_Task requirements_: An exact copy of the lines of the listing below between the "Pittsburg skyline vector" line and the "he-thong-am-thanh-thong-bao-toa-vm-3000" line, both included, is the whole answer; please omit the pictures.

_Materials provided_:
+ + + +

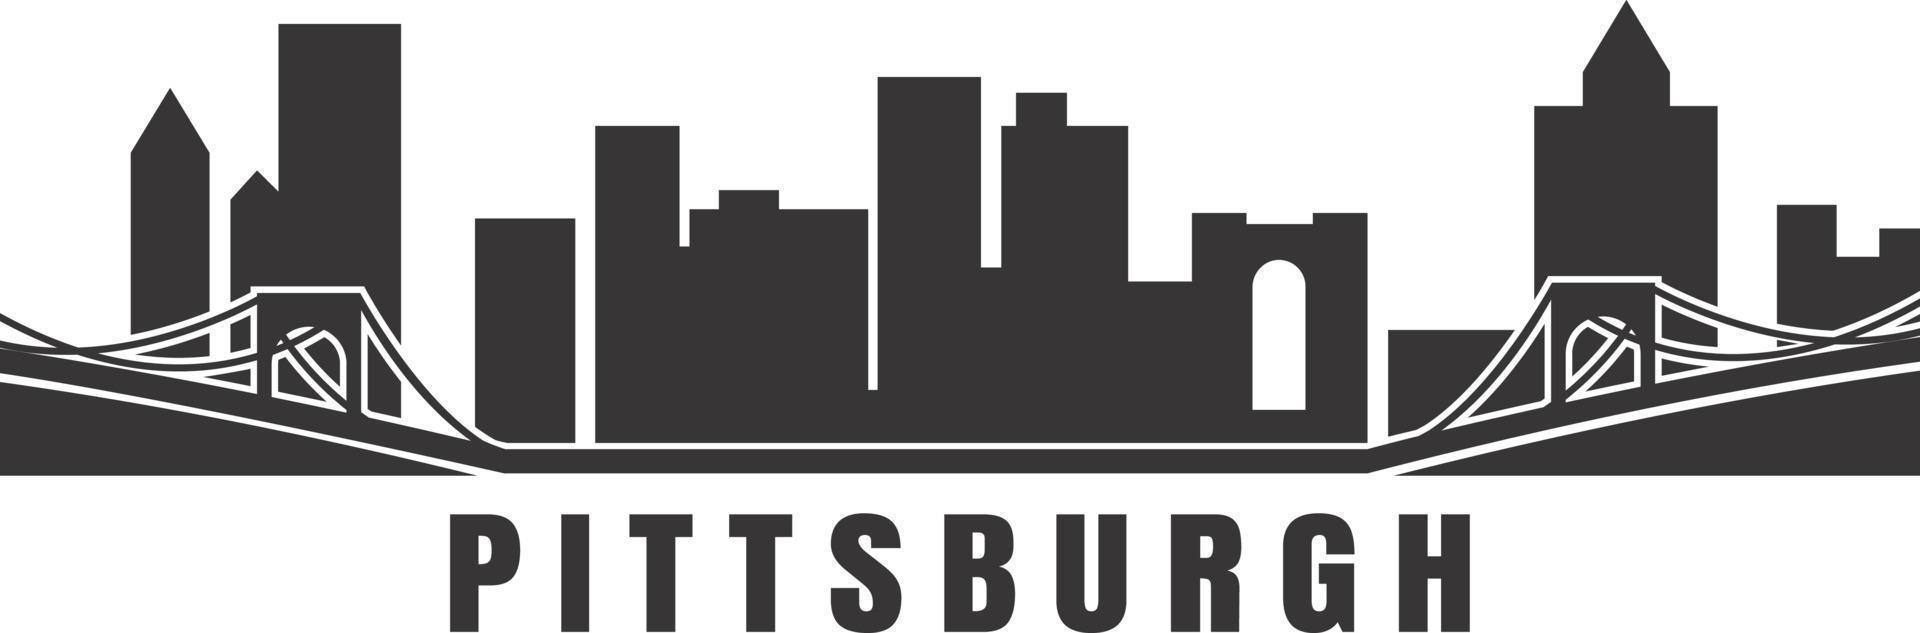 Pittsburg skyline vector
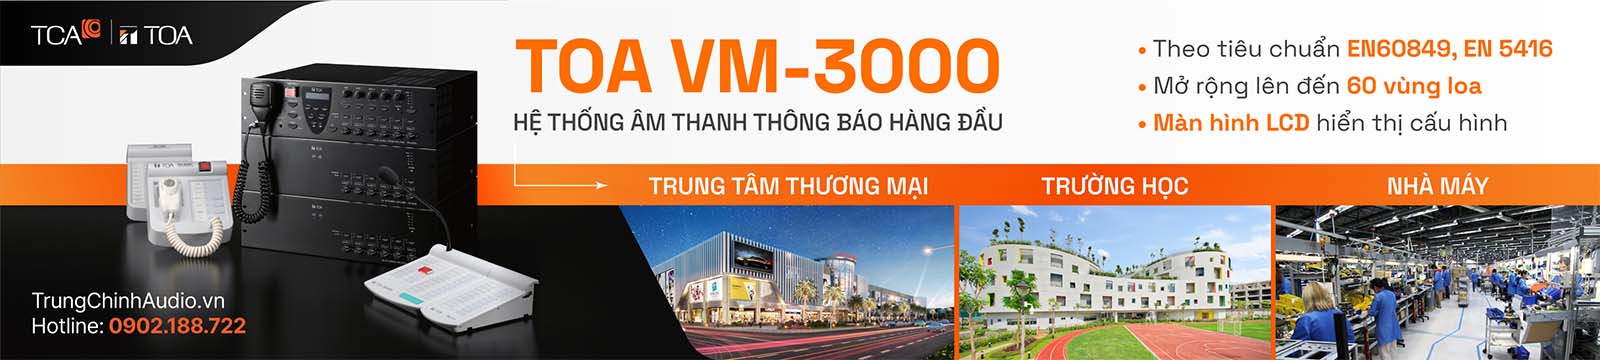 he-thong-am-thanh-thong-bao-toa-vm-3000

+ + + +

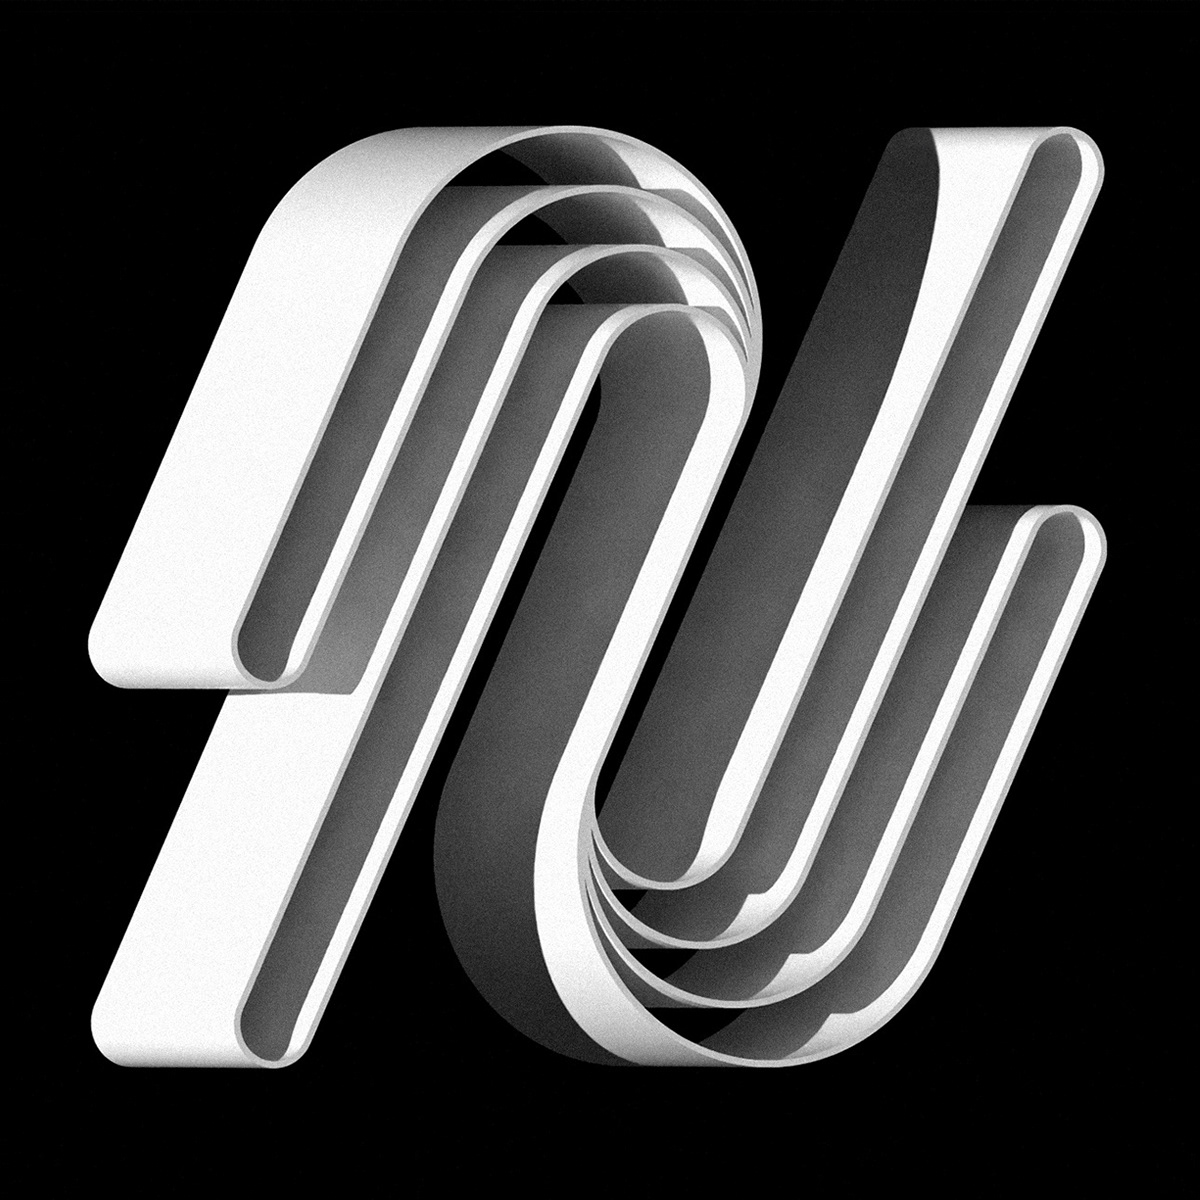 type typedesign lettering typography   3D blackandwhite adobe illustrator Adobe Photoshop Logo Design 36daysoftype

+ + + +

_Expected answer_:
 Pittsburg skyline vector
 he-thong-am-thanh-thong-bao-toa-vm-3000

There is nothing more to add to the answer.